We're getting into some obvious absurdity here, as this model would yield a chance of this receiver scoring a thousand (or much more) TDs in a season. It would be a very, very, very tiny chance --- so tiny that for all practical purposes it could never happen --- but a chance nonetheless. Furthermore, as we break the season down into more and more pieces, each of which is smaller and smaller, the calculations required are getting uglier and uglier.

Believe it or not, it turns out that the math can be simplified by breaking the season down into infinitely many pieces, each of infinitessimal length (technically, breaking it down into N pieces and then taking the limit as N goes to infinity). When you do that, what you get is this:

Prob. of having an N-touchdown game =~ e^(-1/2) (1/2)^n / n!

This is called a Poisson distribution with parameter 1/2 (the parameter 1/2 comes from the fact that our guy averages half a TD per game). When you plug that in for various values of n, you get this:

0-TD games: 60.65% of the time
1-TD games: 30.33% of the time
2-TD games: 7.58% of the time
3-TD games: 1.26% of the time
4-TD games: 0.16% of the time
5+-TD games: 0.02% of the time

Note that all of the above is pure theory. At no point in making the above computations did any of the details of how NFL football is played come into the discussion. A mathematician who has never seen a football game could have built this model. It's not a good model unless it describes what happens in actual football games.

So does it?

If you look at all receivers since 1995 who played in 16 games and scored exactly 8 touchdowns, you'll find 29 such seasons. That's a total of 464 games. If the poisson model is to be believed, we would expect about 281 zero-TD games, about 141 one-TD games, and so on. Here is a table showing the expected and actual totals:

TDs Prob. Expected Actual
0 0.607 281.4 272
1 0.303 140.7 157
2 0.076 35.2 30
3 0.013 5.9 5
4 0.002 0.7 0
5 0.000 0.1 0

Whether that's close enough to claim that the poisson really is a good model in this case is for another post. For now, let's just say it looks pretty close. The actual data shows a few more one-TD games and couple fewer 0- and 2-TD games than expected, but overall it's a remarkably good match.

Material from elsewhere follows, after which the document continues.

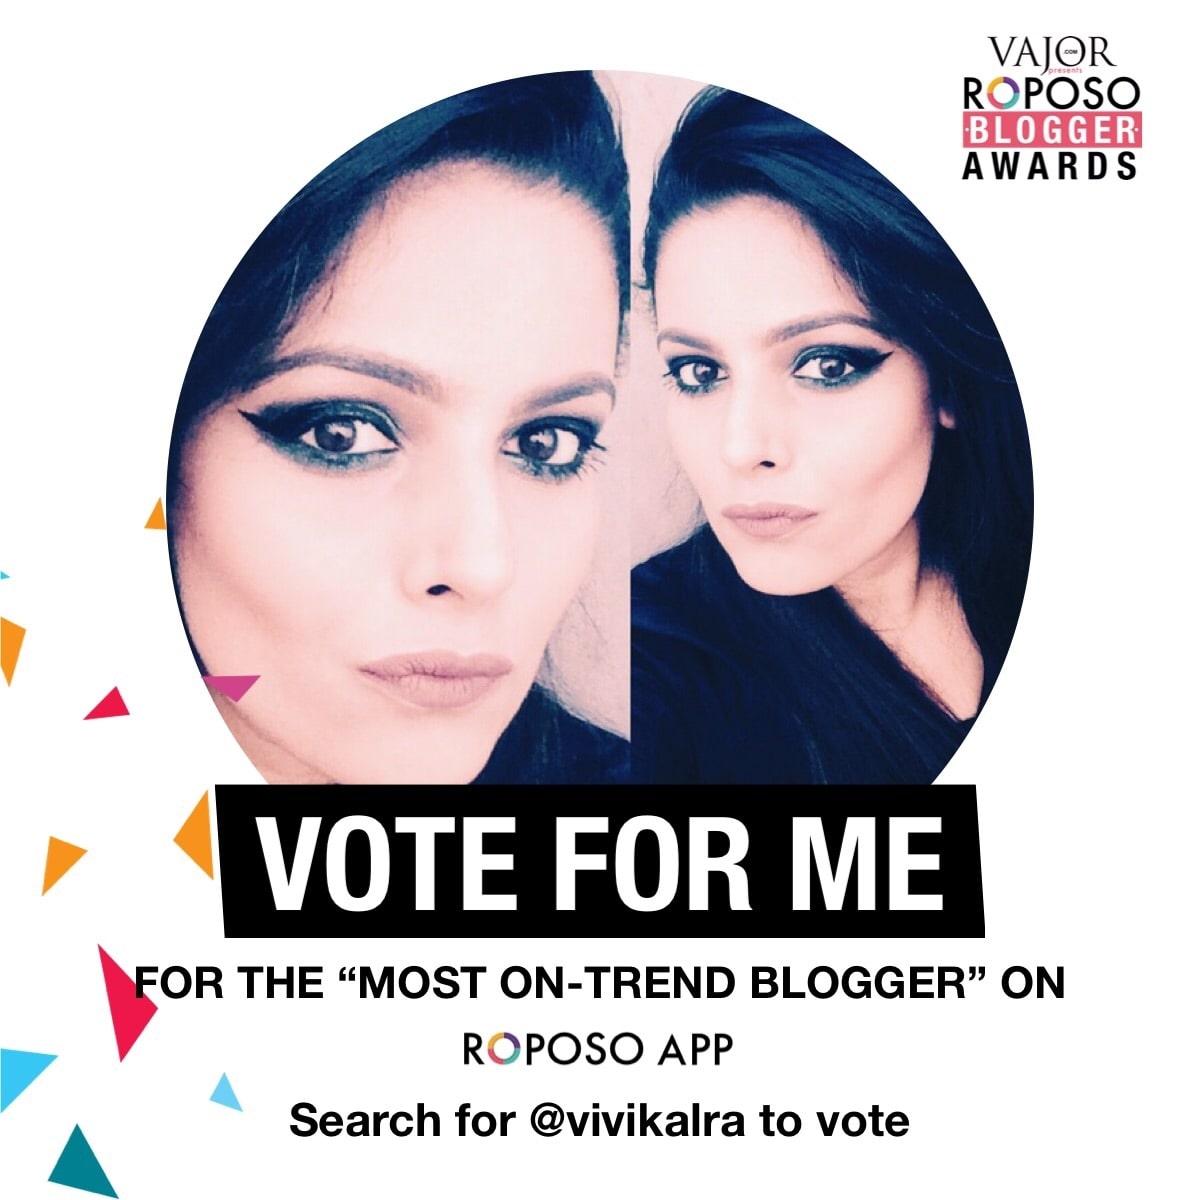 Hello Dolls , Vote for me few days left if you think I deserve please visit my profile and vote for me . Kisses💋 Vivi #soroposo #soroposolove #blogger #vote #voteforme #beautyblogger #beauty #trend #trendy #lifestyle #lifestyleblogger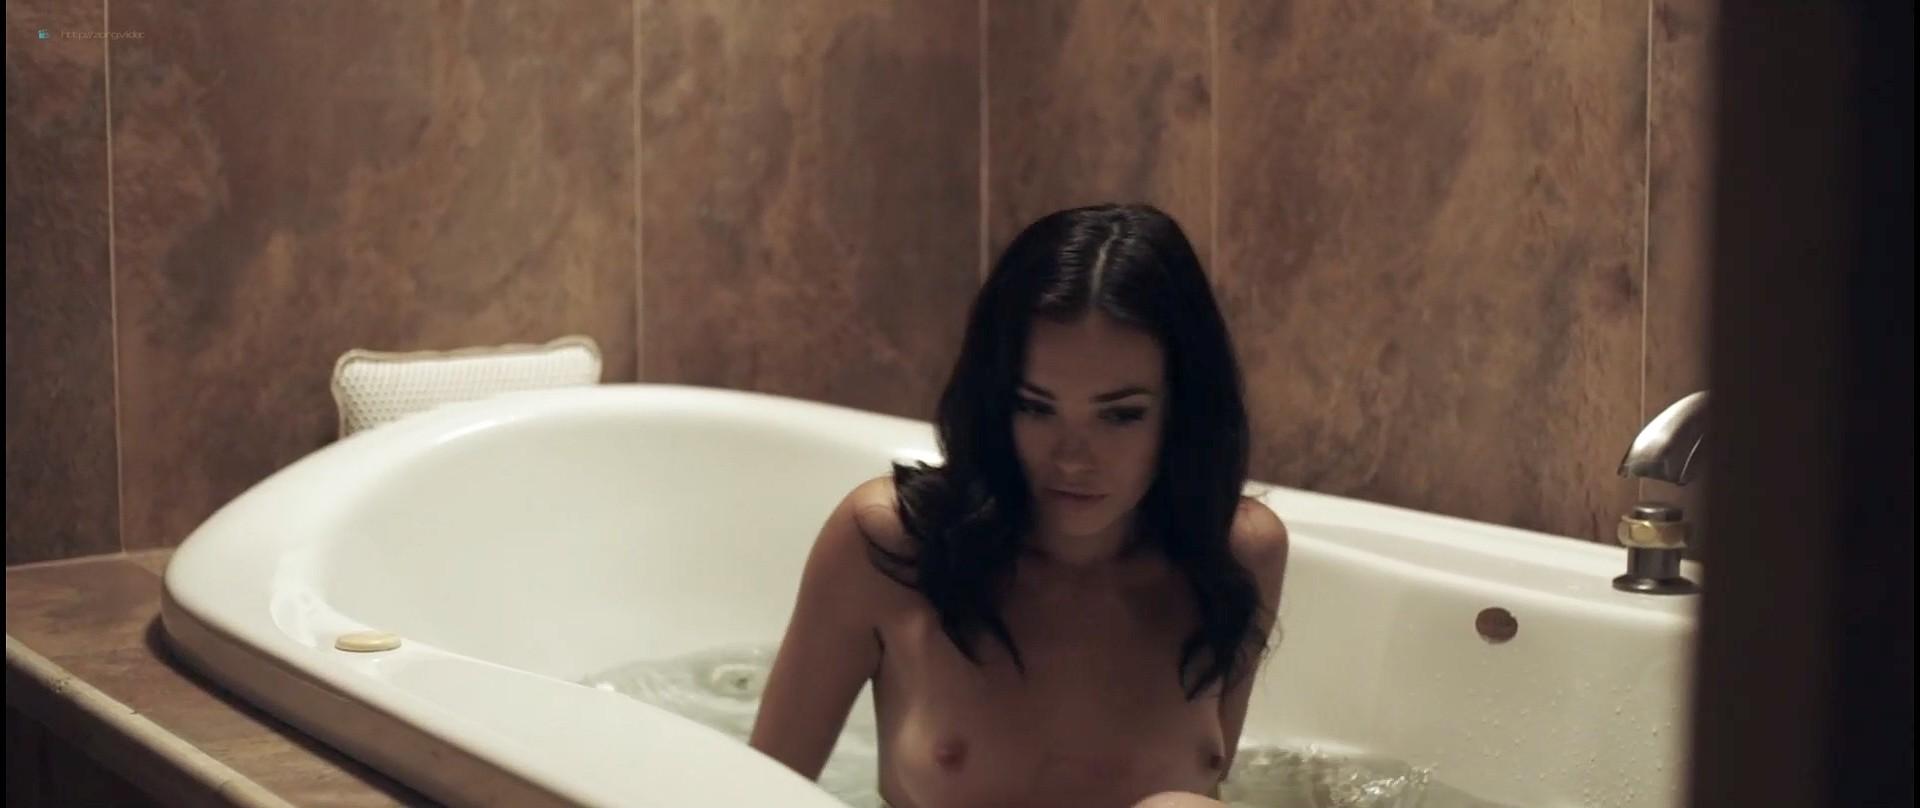 Jemma Dallender nude Rachel Rosenstein nude butt - The Executioners (2018) HD 1080p (14)

Of course, there's no reason to limit ourselves to players who scored 8 TDs. We could similarly look at players who scored 4 or 6 or 12 or whatever. All we have to do is plug in 4/16 or 6/16 or 12/16 or whatever into the formula in place of 1/2. Here is the data:

32 receivers with 4 TDs

TDs Prob. Expected Actual
0 0.779 398.7 395
1 0.195 99.7 106
2 0.024 12.5 11
3 0.002 1.0 0
4 0.000 0.1 0
5 0.000 0.0 0

44 receivers with 5 TDs

TDs Prob. Expected Actual
0 0.732 515.1 506
1 0.229 161.0 177
2 0.036 25.1 20
3 0.004 2.6 1
4 0.000 0.2 0
5 0.000 0.0 0

39 receivers with 6 TDs

TDs Prob. Expected Actual
0 0.687 417.9 407
1 0.258 156.7 178
2 0.048 29.4 19
3 0.006 3.7 4
4 0.001 0.3 0
5 0.000 0.0 0

37 receivers with 7 TDs

TDs Prob. Expected Actual
0 0.646 382.2 364
1 0.282 167.2 201
2 0.062 36.6 23
3 0.009 5.3 4
4 0.001 0.6 0
5 0.000 0.1 0

29 receivers with 8 TDs

TDs Prob. Expected Actual
0 0.607 281.4 272
1 0.303 140.7 157
2 0.076 35.2 30
3 0.013 5.9 5
4 0.002 0.7 0
5 0.000 0.1 0

31 receivers with 9 TDs

TDs Prob. Expected Actual
0 0.570 282.6 277
1 0.321 159.0 166
2 0.090 44.7 46
3 0.017 8.4 7
4 0.002 1.2 0
5 0.000 0.1 0

15 receivers with 10 TDs

TDs Prob. Expected Actual
0 0.535 128.5 114
1 0.335 80.3 105
2 0.105 25.1 18
3 0.022 5.2 3
4 0.003 0.8 0
5 0.000 0.1 0

9 receivers with 11 TDs

TDs Prob. Expected Actual
0 0.503 72.4 68
1 0.346 49.8 56
2 0.119 17.1 18
3 0.027 3.9 1
4 0.005 0.7 1
5 0.001 0.1 0

7 receivers with 12 TDs

TDs Prob. Expected Actual
0 0.472 52.9 50
1 0.354 39.7 44
2 0.133 14.9 14
3 0.033 3.7 4
4 0.006 0.7 0
5 0.001 0.1 0

The patterns are generally the same as what we saw in the 8-TD case: the actual numbers show fewer 0- and 2-TD games than the poisson model would predict, and more 1-TD games. Just off the top of my head, I'd guess that this is because of a general tendency to spread things around among different receivers on the same team. Whether that's forced by the defense or mandated by the coach I'm not sure. Also, there are just a shade fewer 3+ TD games than the poisson would predict. This may be because teams that have a receiver who catches 2 TD passes generally have a comfortable lead and don't need to throw anymore. Or because defenses who give up two TDs to the same guy try to make darn sure they don't give up a third.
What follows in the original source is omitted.